No matter how much Fe love you pour onto him, it won't make him feel any better about himself. I think the best approach is to find out from him what he sees as a "non-loser", and hopefully it won't be an external definition such as making a lot of money, owning a yacht and having a gazillion awards... his internal definition of self-respect, and then push him towards becoming that person... in baby steps. Make him _witness himself grow_ into the person he respects, encourage him, make him get back on the path when he inevitably gets distracted... and do firmly, but playfully, with humor.


----------



## shakti (Oct 10, 2012)

Fluff'n'Fury said:


> No matter how much Fe love you pour onto him, it won't make him feel any better about himself. I think the best approach is to find out from him what he sees as a "non-loser", and hopefully it won't be an external definition such as making a lot of money, owning a yacht and having a gazillion awards... his internal definition of self-respect, and then push him towards becoming that person... in baby steps. Make him _witness himself grow_ into the person he respects, encourage him, make him get back on the path when he inevitably gets distracted... and do firmly, but playfully, with humor.
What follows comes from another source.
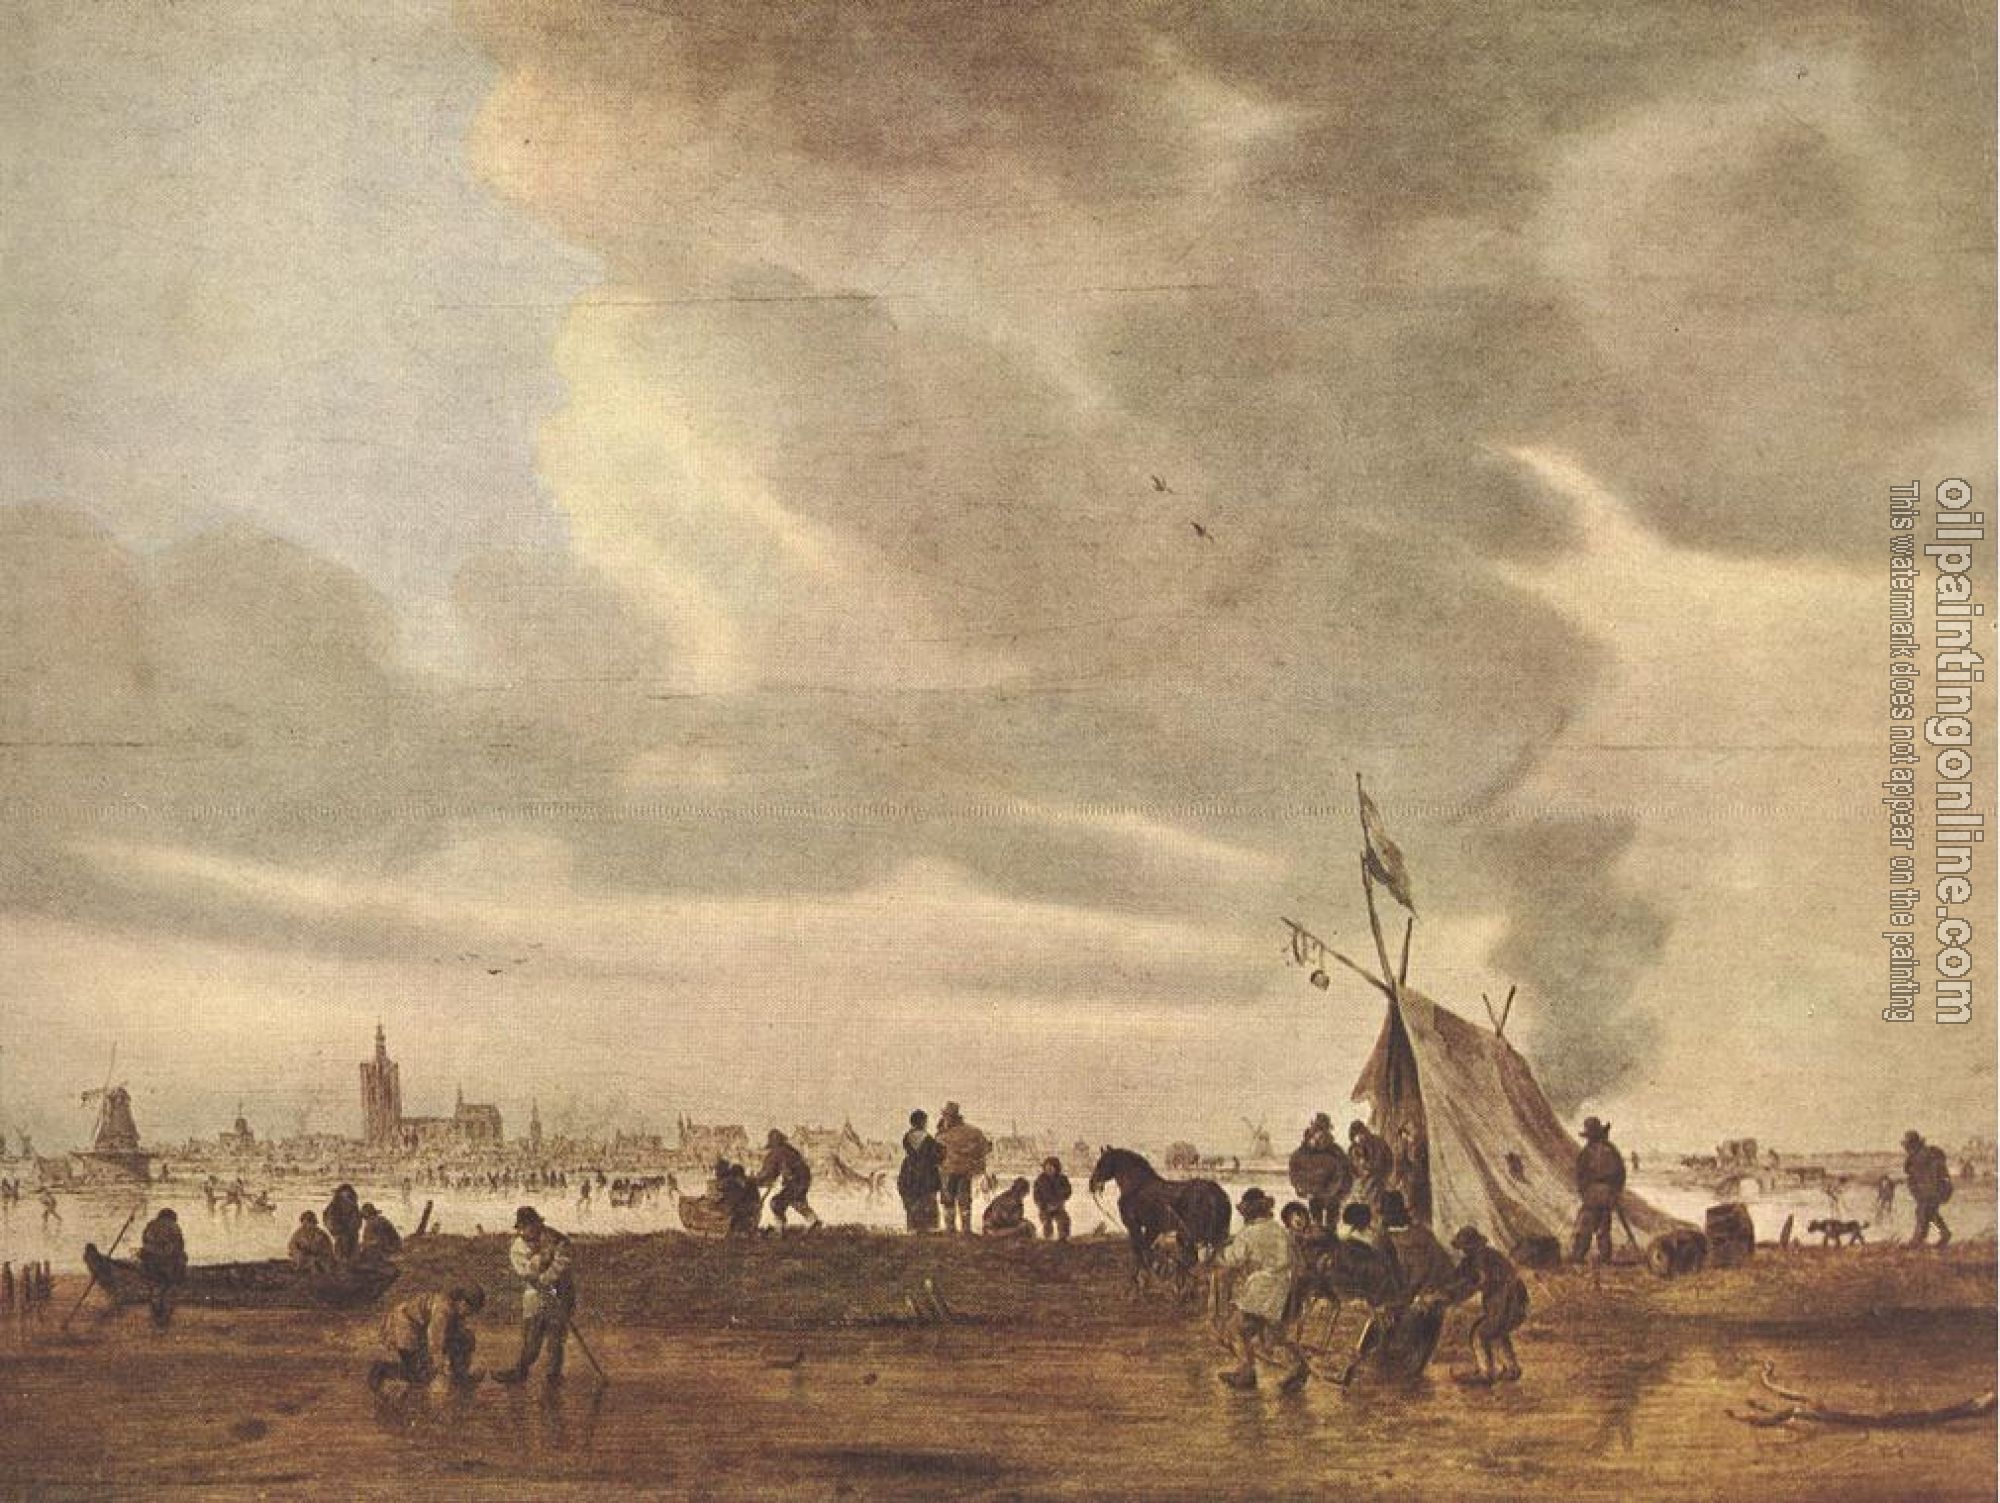 Goyen, Jan van - View of The Hague in Winter

Thanks for replying to my ancient post...we broke up a while ago, all this seems like another life now whoooaaa  

It was a very difficult relationship, but I learnt a whole lot


----------



## FluffyTheAnarchist (Sep 9, 2013)

shakti said:


> Thanks for replying to my ancient post...we broke up a while ago, all this seems like another life now whoooaaa
> 
> It was a very difficult relationship, but I learnt a whole lot


lol!  I keep doing this! Sorry! I keep bringing threads back from the dead. I apologize  
Good for you, though! No need to sail against the wind.  What were some of the things you learned from that relationship?


----------



## shakti (Oct 10, 2012)

Fluff'n'Fury said:


> lol!  I keep doing this! Sorry! I keep bringing threads back from the dead. I apologize
> Good for you, though! No need to sail against the wind.  What were some of the things you learned from that relationship?


No need to apologise cmooon, it came at the right moment...clearing up things from the past year and opening myself up to a happy new year and all that 

What I learned? Above all, to trust myself and my intuition...often in our relationship I felt something was a bit off, but I didn't pay attention to it. I guess I wanted to believe. He taught me a lot about myself in general, and I am very grateful for all the lessons


----------



## FluffyTheAnarchist (Sep 9, 2013)

shakti said:


> No need to apologise cmooon, it came at the right moment...clearing up things from the past year and opening myself up to a happy new year and all that
> 
> What I learned? Above all, to trust myself and my intuition...often in our relationship I felt something was a bit off, but I didn't pay attention to it. I guess I wanted to believe. He taught me a lot about myself in general, and I am very grateful for all the lessons


I totally get it! When you are in a relationship with someone whose functions are totally opposite to your own, you become more aware of the workings of your own mind... simply by contrast, to which you are exposed daily.


----------